Getting the number of lines

newlen <- length(news)
blolen <- length(blogs)
twilen <- length(twitter)

The number of lines in:

There are 77259 lines in en_US.news.txt

There are 899288 lines in en_US.blogs.txt

There are 2360148 lines in en_US.twitter.txt

Getting the number of words

In order to get the number of words into each file, we can use bash.

wc -w SwiftKey/final/en_US/en_US.news.txt > nwords
read nwords filename < nwords
echo "Number of words in News: $nwords"
wc -w SwiftKey/final/en_US/en_US.blogs.txt > bwords
read bwords filename < bwords
echo "Number of words in Blogs: $bwords"
wc -w SwiftKey/final/en_US/en_US.twitter.txt > twords
read twords filename < twords
echo "Number of words in Twitter: $twords"

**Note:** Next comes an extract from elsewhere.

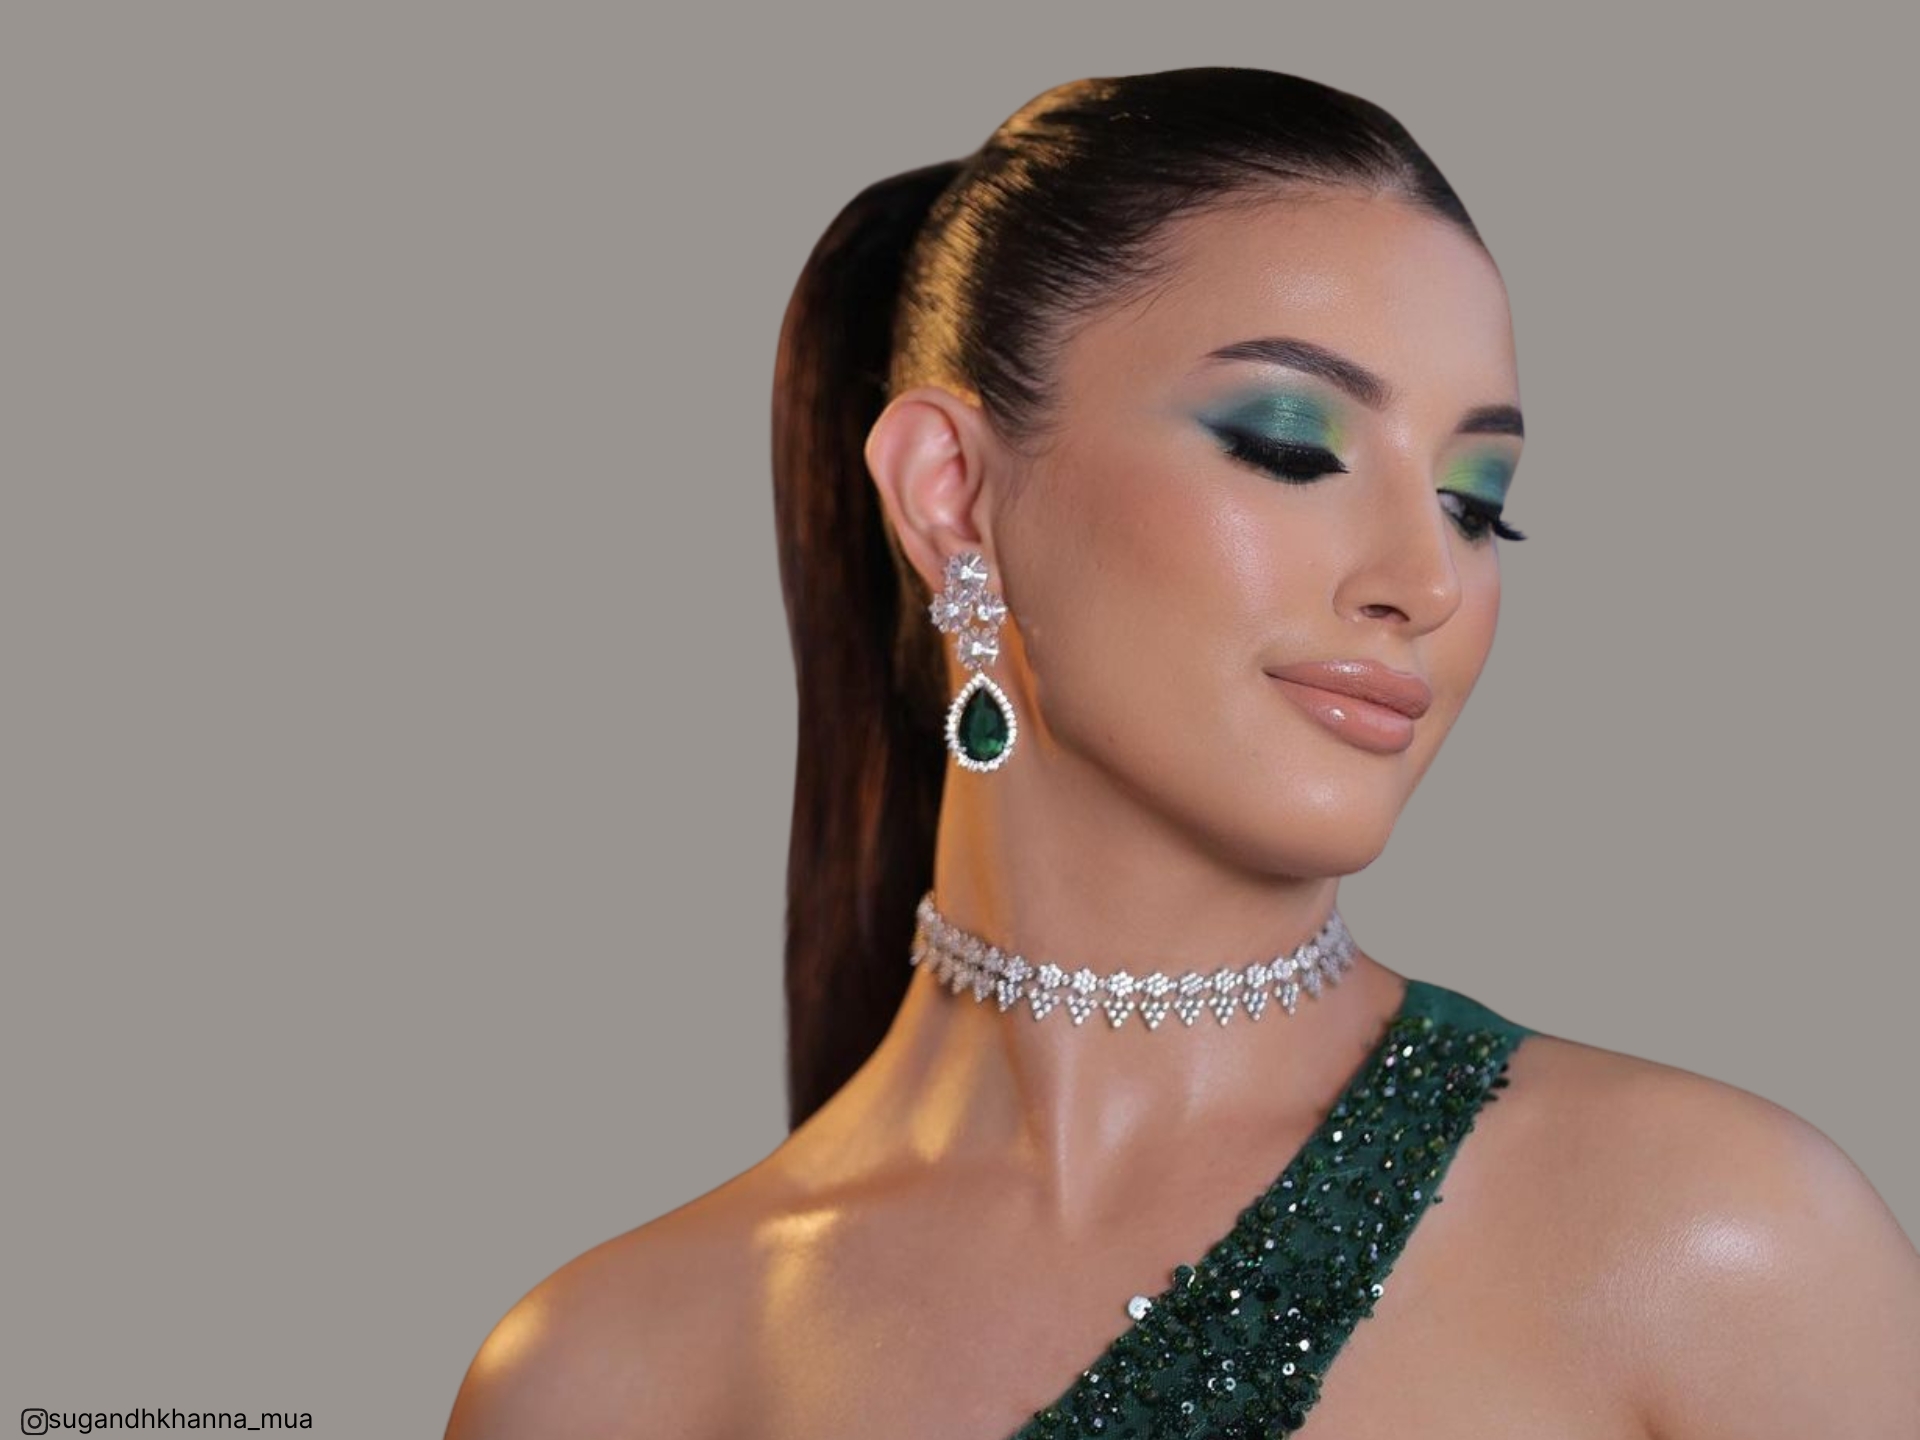 These 20 Emerald Green Prom Makeup Ideas Will Unlock Your Glam Look
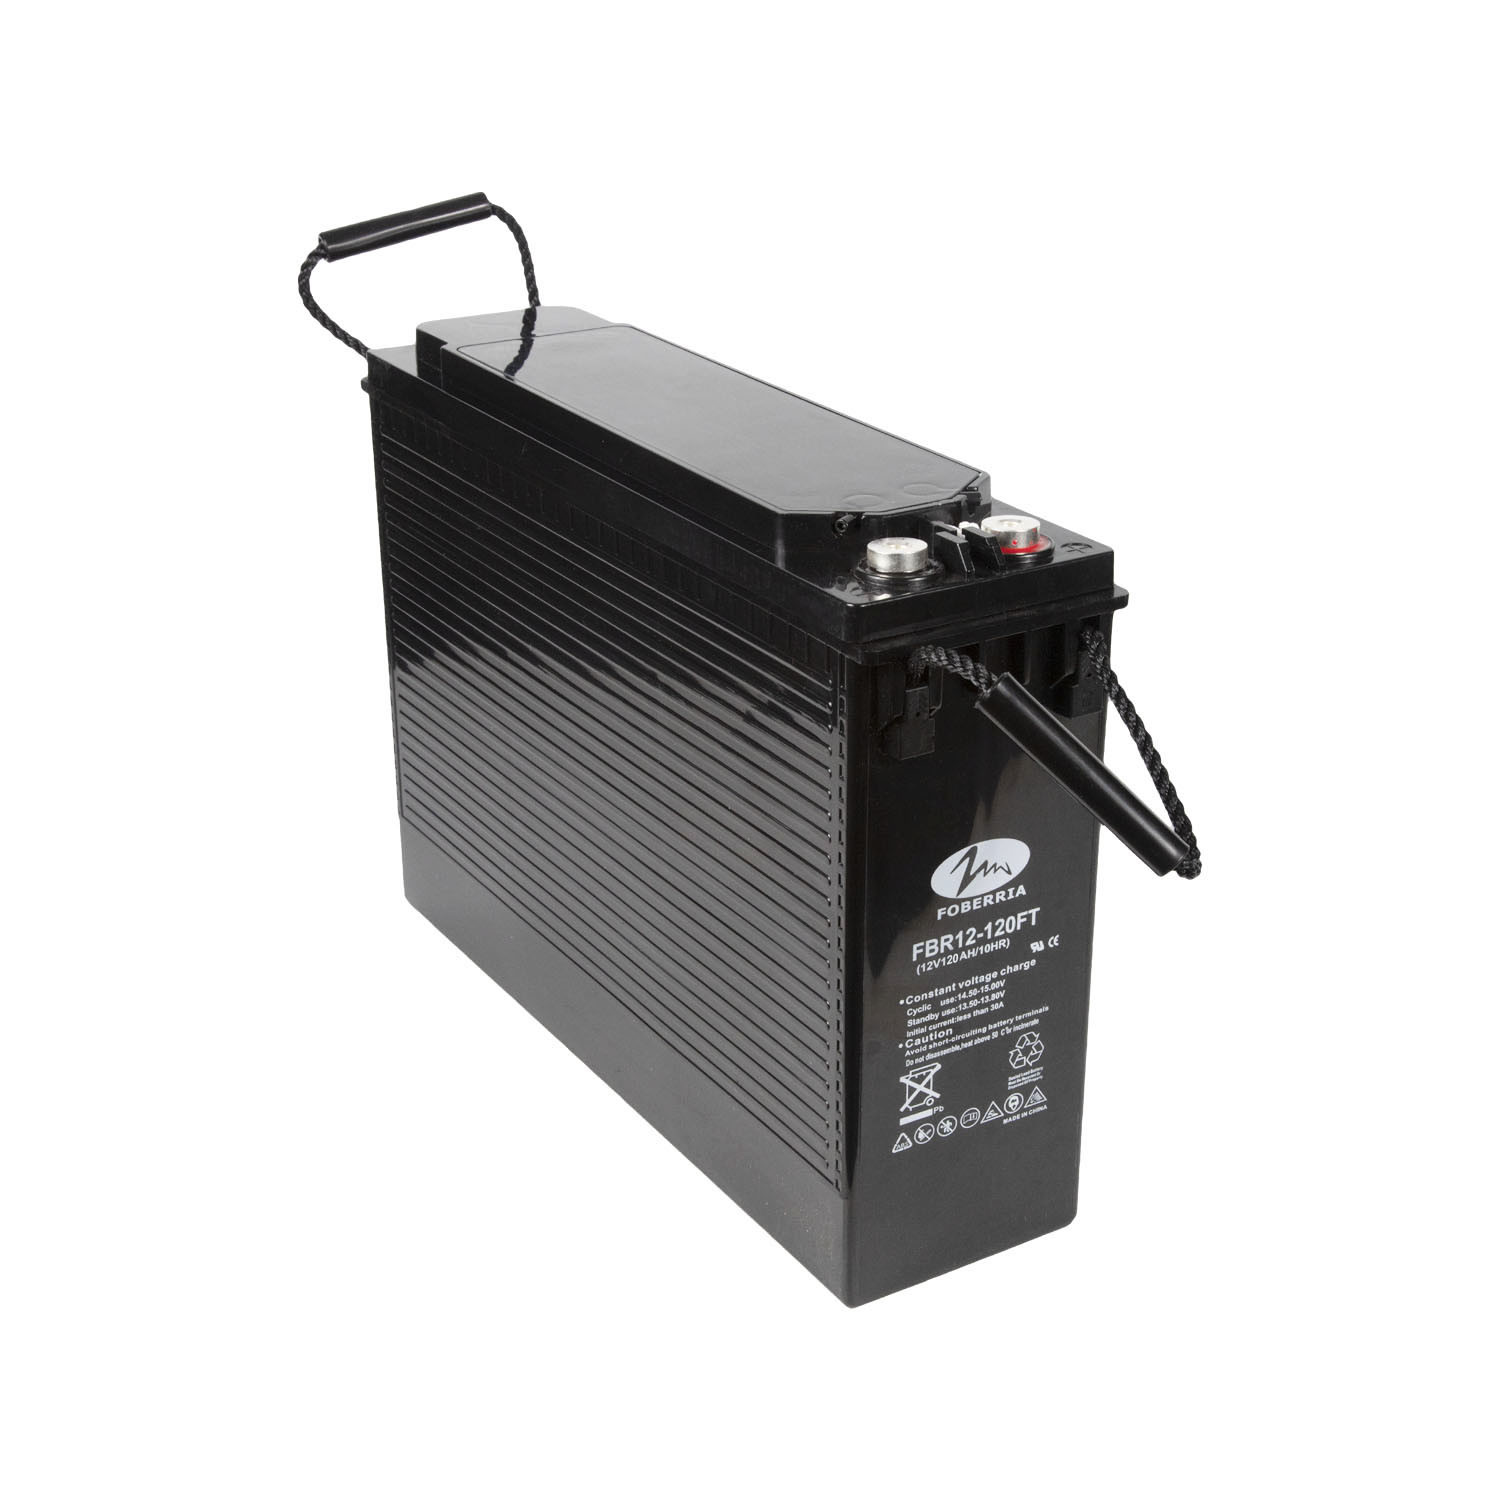  12V 120ah Agm Deep Cycle Front Terminal Battery 36kg UPS Power Supply Battery Manufactures

## Number of words in News: 34365936
## Number of words in Blogs: 37334117
## Number of words in Twitter: 30373559

Text Mining

Mining the text, we can show the three most common words into each file

ft <- freq_terms(news, 5)
plot(ft, main = "Most common words in news")

ft <- freq_terms(blogs, 5)
plot(ft, main = "Most common words in blogs")

ft <- freq_terms(twitter, 5)
plot(ft, main = "Most common words in twitter")